Vulnerability identifier: #VU6434
Vulnerability risk: Medium
CVSSv3.1: 7.7 [CVSS:3.1/AV:N/AC:L/PR:N/UI:N/S:C/C:N/I:N/A:H/E:P/RL:O/RC:C]
CVE-ID:
CWE-ID:
CWE-400
Exploitation vector: Network
Exploit availability: No
Vulnerable software:
Glibc
Universal components / Libraries /
Libraries used by multiple products
Vendor: GNU
Description
The vulnerability allows a remote attacker to perform a denial of service (DoS) attack.
The vulnerability exists due to an error in xdr_bytes() and xdr_string() functions when processing RPC data in the GNU C Library (aka glibc or libc6). A remote unauthenticated attacker can send a specially crafted UDP request to port 111 (rpcbind) and consume up to 4 gigabytes of memory per request.
Successful exploitation of this vulnerability may result in denial of service (DoS) conditions.

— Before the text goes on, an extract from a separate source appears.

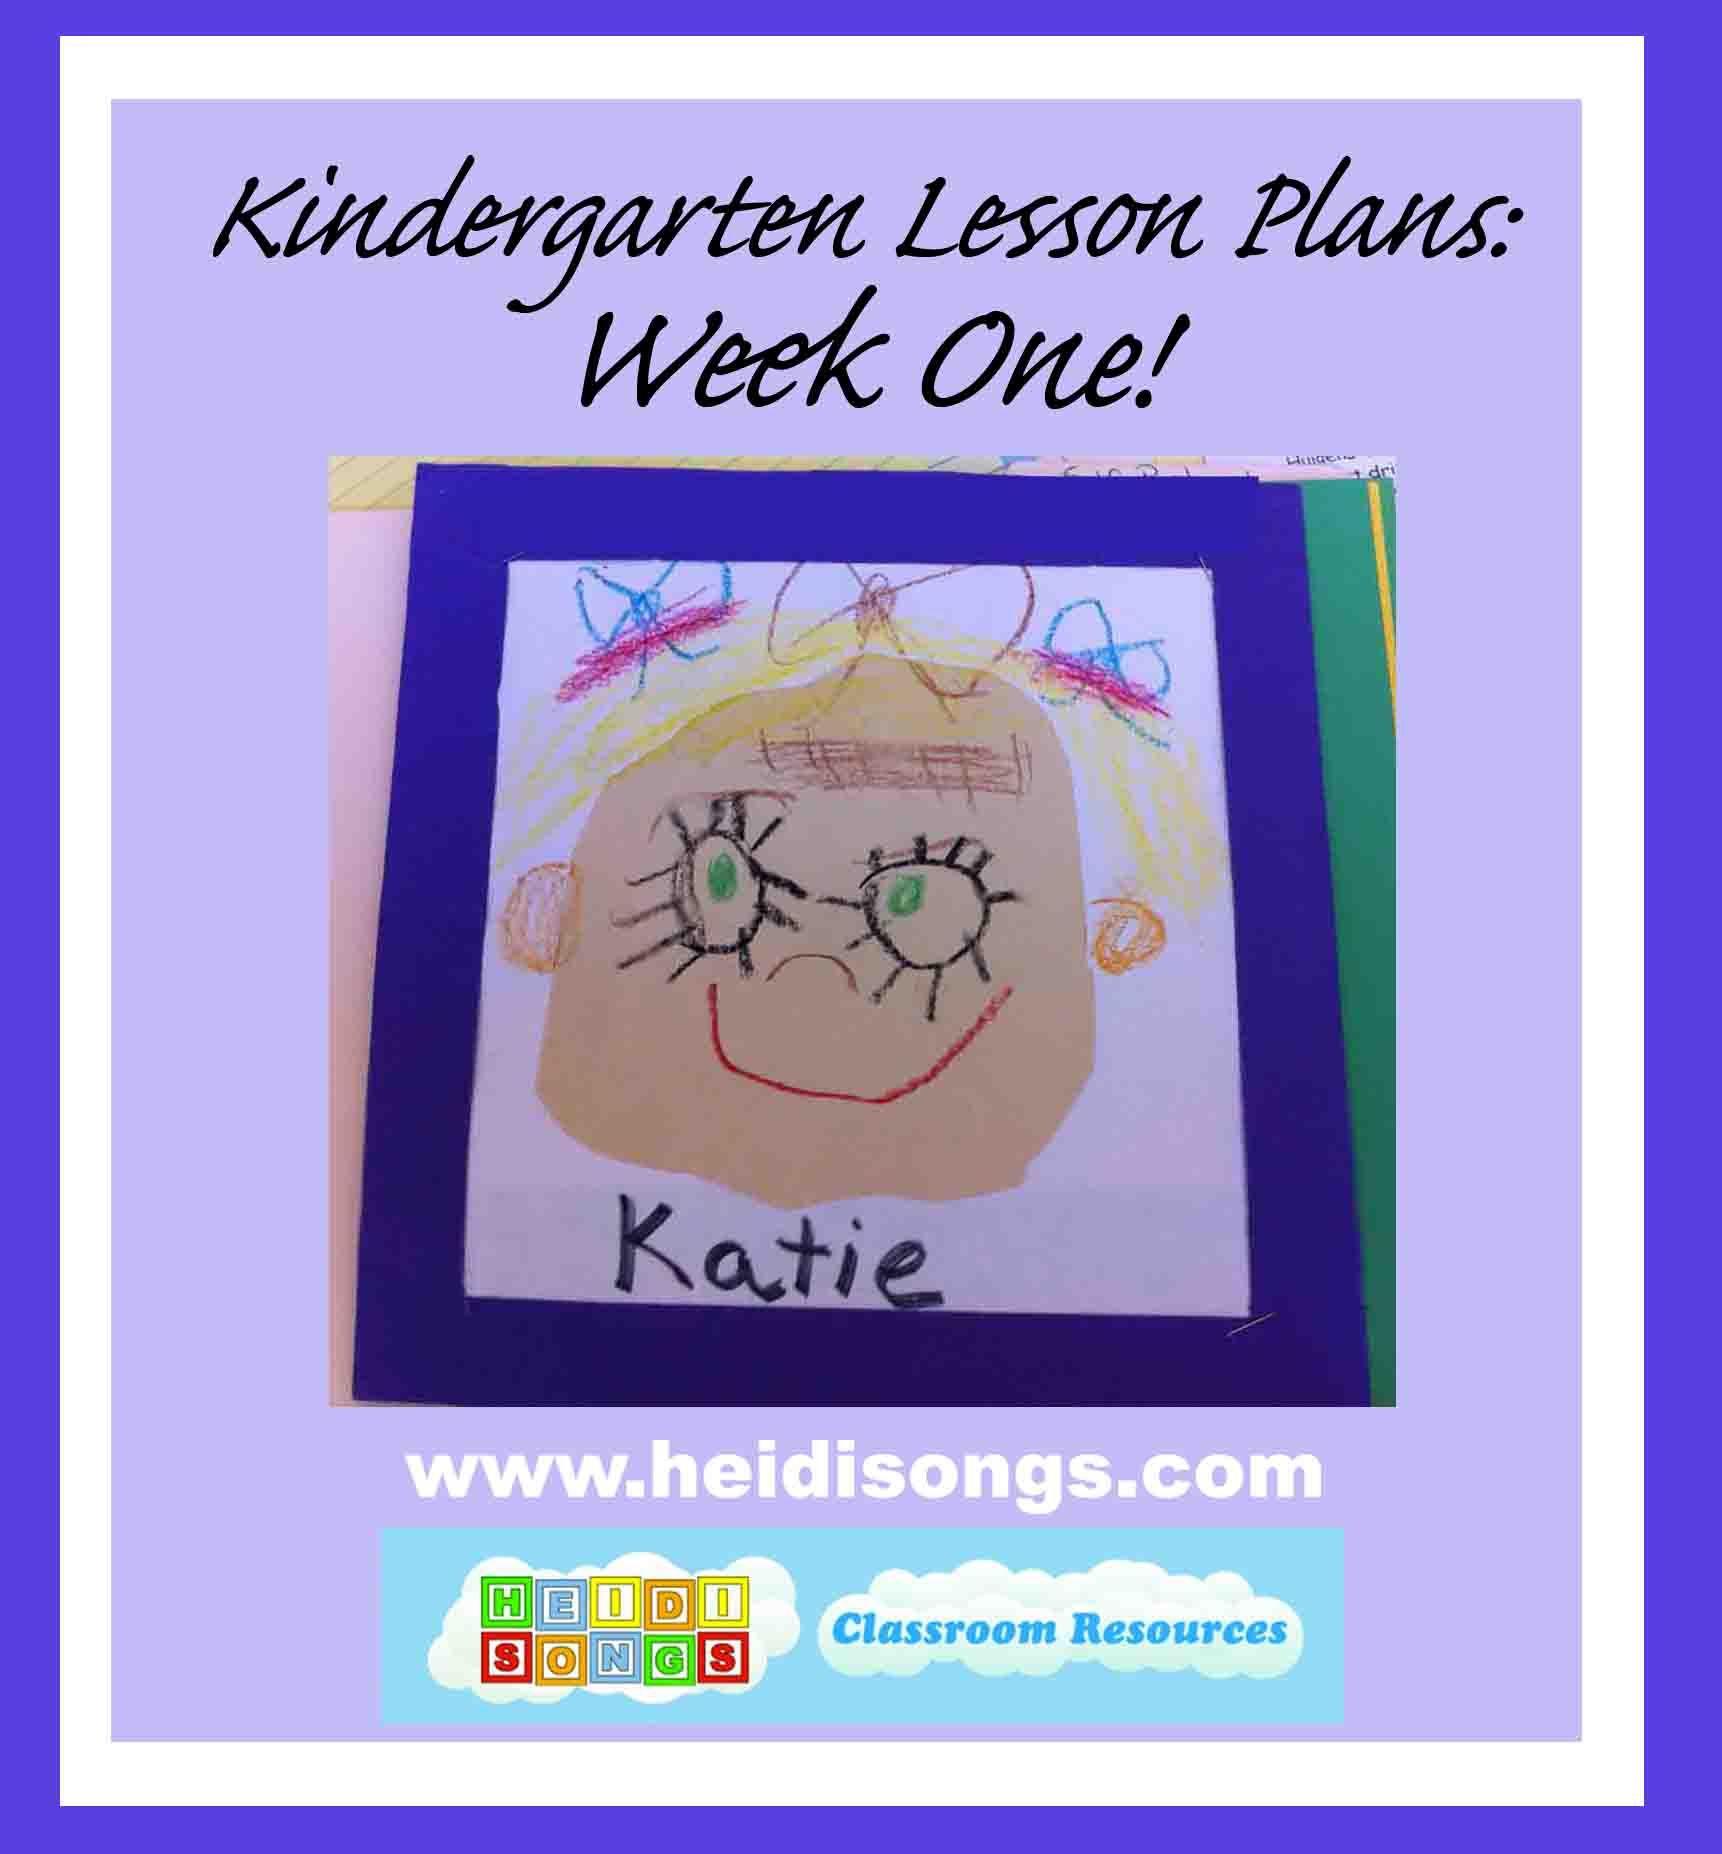 Kindergarten Lesson Plans Week 1

The issue is related to: https://www.cybersecurity-help.cz/vdb/SB2017050801
Mitigation
Install patch from vendor's website.
Vulnerable software versions
Glibc: 2.25
External links
http://www.openwall.com/lists/oss-security/2017/05/05/2
http://bugzilla.suse.com/show_bug.cgi?id=1037559#c7
http://sourceware.org/bugzilla/show_bug.cgi?id=21461
http://sourceware.org/ml/libc-alpha/2017-05/msg00105.html
Can this vulnerability be exploited remotely?
Yes. This vulnerability can be exploited by a remote non-authenticated attacker via the Internet.
Is there known malware, which exploits this vulnerability?
No. We are not aware of malware exploiting this vulnerability. However, proof of concept for this vulnerability is available.